When you dig up an ancient bison leg, you’d be forgiven for thinking that the odds of it being a bull versus cow leg were roughly equal.

But you’d be wrong. Around 75% of bison fossils are male, according to a new study in PNAS - Proceedings of the National Academy of Sciences.

The bizarre finding grew out of an unexpected observation by ancient DNA researchers at the University of Adelaide. When ancient DNA is analysed, specimen sex is also determined as part of normal sample processing. 

When bison samples seemed to more often come back as male, ARC Future Fellow Dr Bastien Llamas from the University’s School of Biological Sciences and his colleagues began wondering why.
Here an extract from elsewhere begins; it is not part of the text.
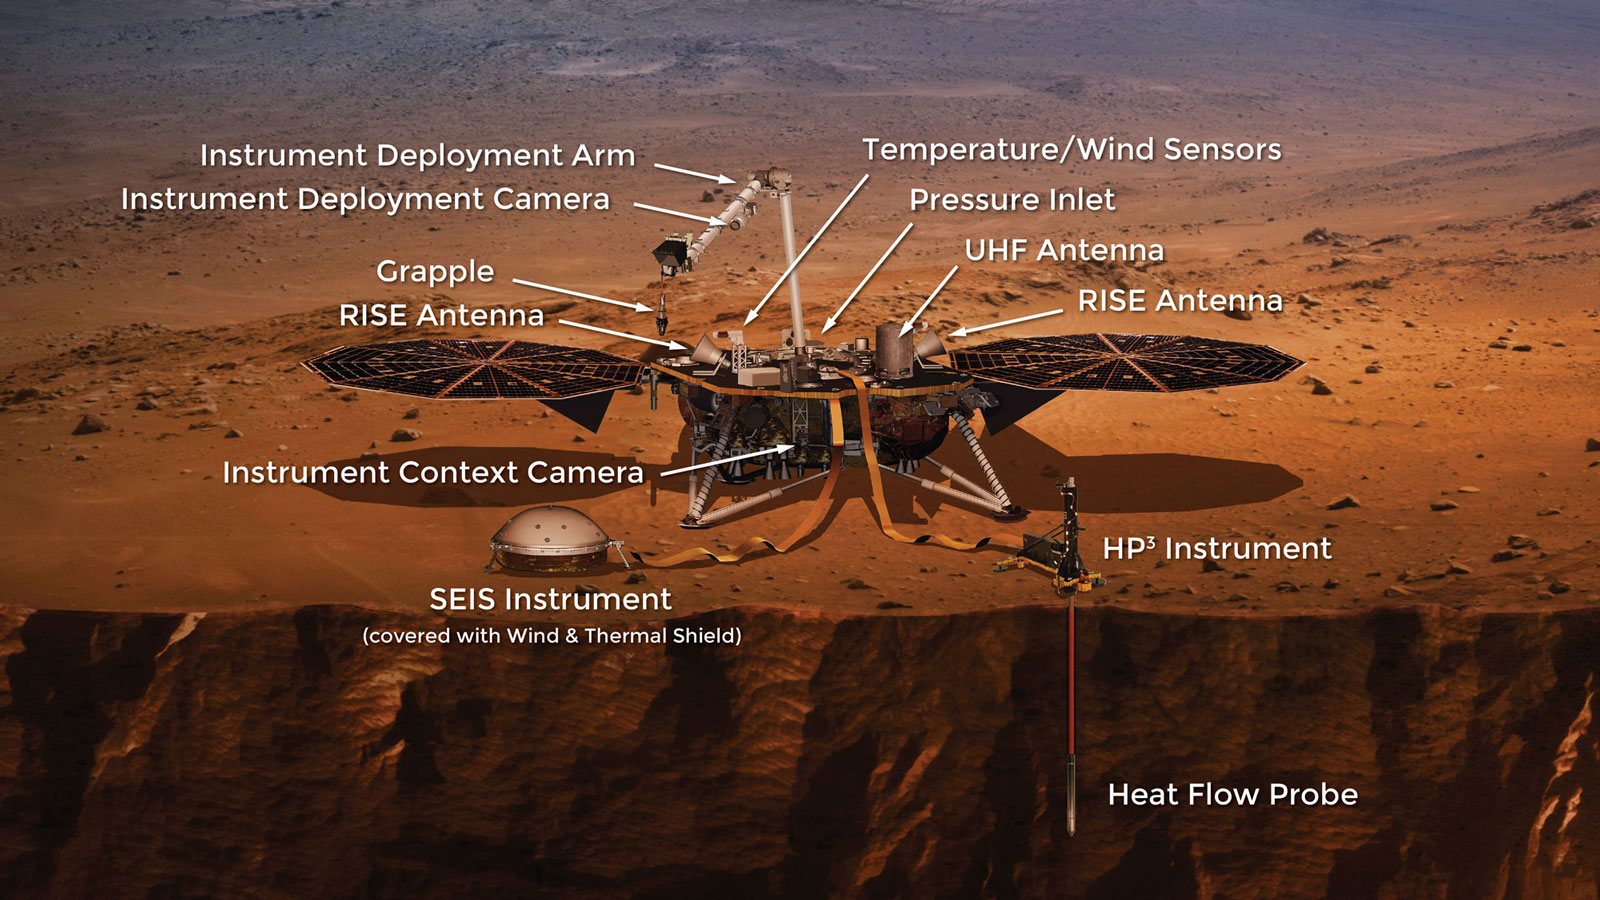 This illustration of the InSight lander on Mars shows the location of its science instruments, including a drill to explore below the surface.

“It's something usually we don't really look at carefully,” he says. 

“And it seemed like the numbers were too high. I mean, like 75% males, it's just not normal.”

When another group published a paper that found 72% of mammoth remains were male, they figured they should take a closer look.

Bison fossil - Julien Soubrier

Male bison skull recovered from permafrost in the Yukon Territory, Canada. Courtesy Dr Julien Soubrier, School of Biological Sciences

The researchers looked at the sex of remains from 186 Holarctic bison and 91 arctic brown bears by comparing the amount of X-chromosome sequences to sequences from a non-sex-chromosome. Females, with two X chromosomes, have a double-dose of X-chromosome sequences. 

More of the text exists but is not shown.